Mac DNAsis Analysis of Human Hexokinase
Mac DNAsis is a computer program that was used to analyze
the DNA sequence of the human cDNA for human hexokinase. In this
analysis MacDNAsis is used to determine the largest open reading frame,
the molecular weight, a hydropathy plot, a antigenicity plot, the secondary
structure, a multiple sequence alignment for five species with hexokinase,
and a phylogenetic tree using five different species with hexokinase.
__________________________________________________________________________________________________________________
Largest Open Reading Frame
The largest ORF or open reading frame between a start codon and a stop codon of
the human hexokinase cDNA was determined and assumed to be the coding sequence
for the human hexokinase. The coding region extended from nucleotide 82
to 2835. The original human cDNA from which this sequence was derived can
be seen by clicking here.
Fig. 1: This shows three different ORFs (1 on the top and 3 on the
bottom) for the cDNA for human hexokinase. The red triangles represent
start codons and the green lines represent stop codons. The largest
open reading frame is indicated by the black box extending from nucleotide
82 to 2835 for a total of 2753 nucleotides.
________________________________________________________________________________________________________________________
Determination of Molecular Weight
First the DNA of the ORF was translated into the correct amino acid
sequence using the genetic code. The the weight of each amino acid
was added together to obtain the total weight of the protein in daltons.
The weight was 102497.74 daltons.
______________________________________________________________________________________________________________________
Kyte and Doolittle Hydropathy Plot
Here MacDNAsis was used to prepare a hydopathy plot of
hexokinase. A hydropathy plot or Kyte and Doolittle Plot shows the
hydrophobicity of a protein along the y axis. The amino acids are
shown by the numbers along the x axis. The Kyte and Doolittle plot
is used to determine whether a protein is a transmembrane protein.
Peaks above 2 indicate strong hydrophobic regions making the protein a
strong candidate for a transmemebrane protein. A transmemebrane protein
must be hydrophobic in some regions in order to be compatible with the
hydrophobic region between the cytoplasmic side and the extracellular side
of a membrane or between the lumen side and the cytoplasmic side
of a membrane.
Fig. 2: Pictured here is a Kyte Doolittle hydropathy plot.
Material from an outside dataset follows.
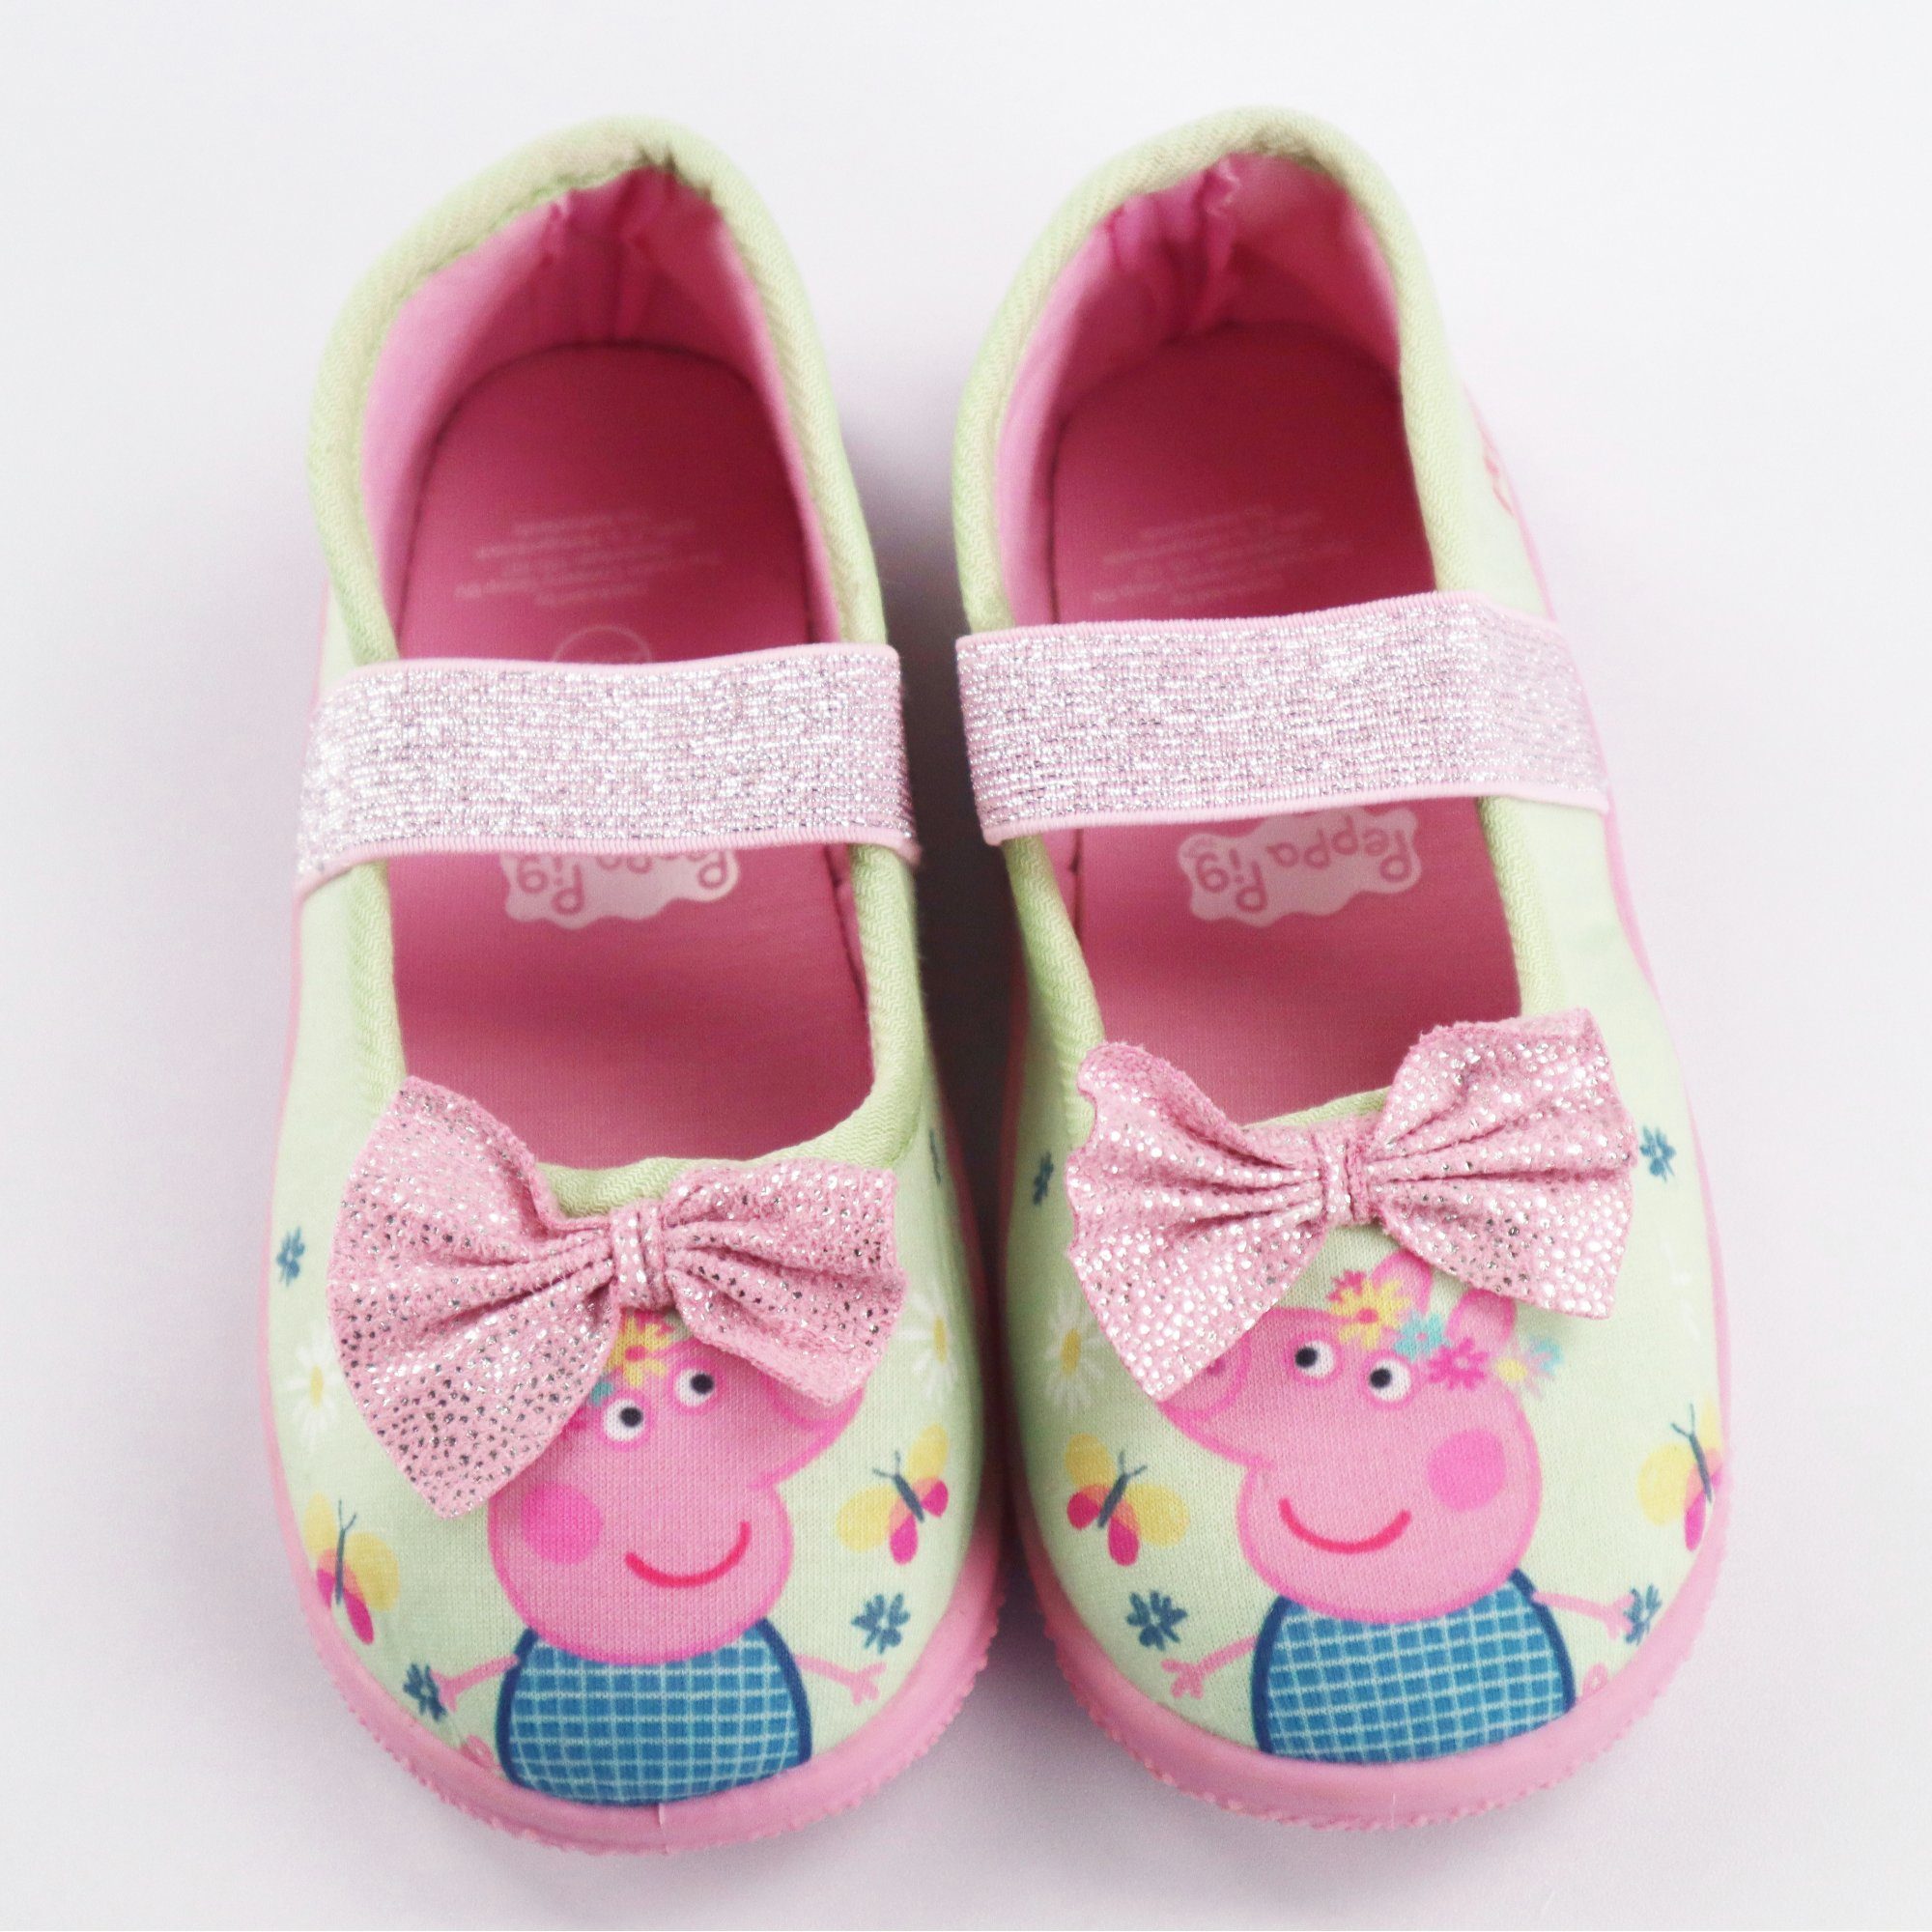 Peppa Pig Peppa Wutz Pantoffeln Kita Ballerina Pig 25-28 Kinder Schlüpfschuhe Slipper Gr

The average is -.12 so the protein is slightly more hydrophilic. There
are however 10 peaks that rise above 2 approximately at the 50th,
110th,
230th,
420th,
480th,
540th, 595th,
610th,670th,
and 740th amino acid. The most hydrophobic
region is the 50th amino acid rising almost to 4.There is a pretty even
stretch of peaks past the 420th amino acid to the end which seems to indicate
a pretty hydrophobic region. All of this data suggests that
this protein is a transmembrane protein.
_______________________________________________________________________________________________________________________
Hopp and Woods Antigenecity Plot
In this section an antigenecity plot was made. These plots show hydrophilicity
instead of hydrophobicity like the Kite and Doolittle plot. A more
hydrophilic region is a better place for an antigen to bind. Thus
an antigency plot helps to determine where on a protein a monoclonal antibody
would bind well. Again the the x axis represents the individual amino
acids but the Y axis represents the hydrophilicity.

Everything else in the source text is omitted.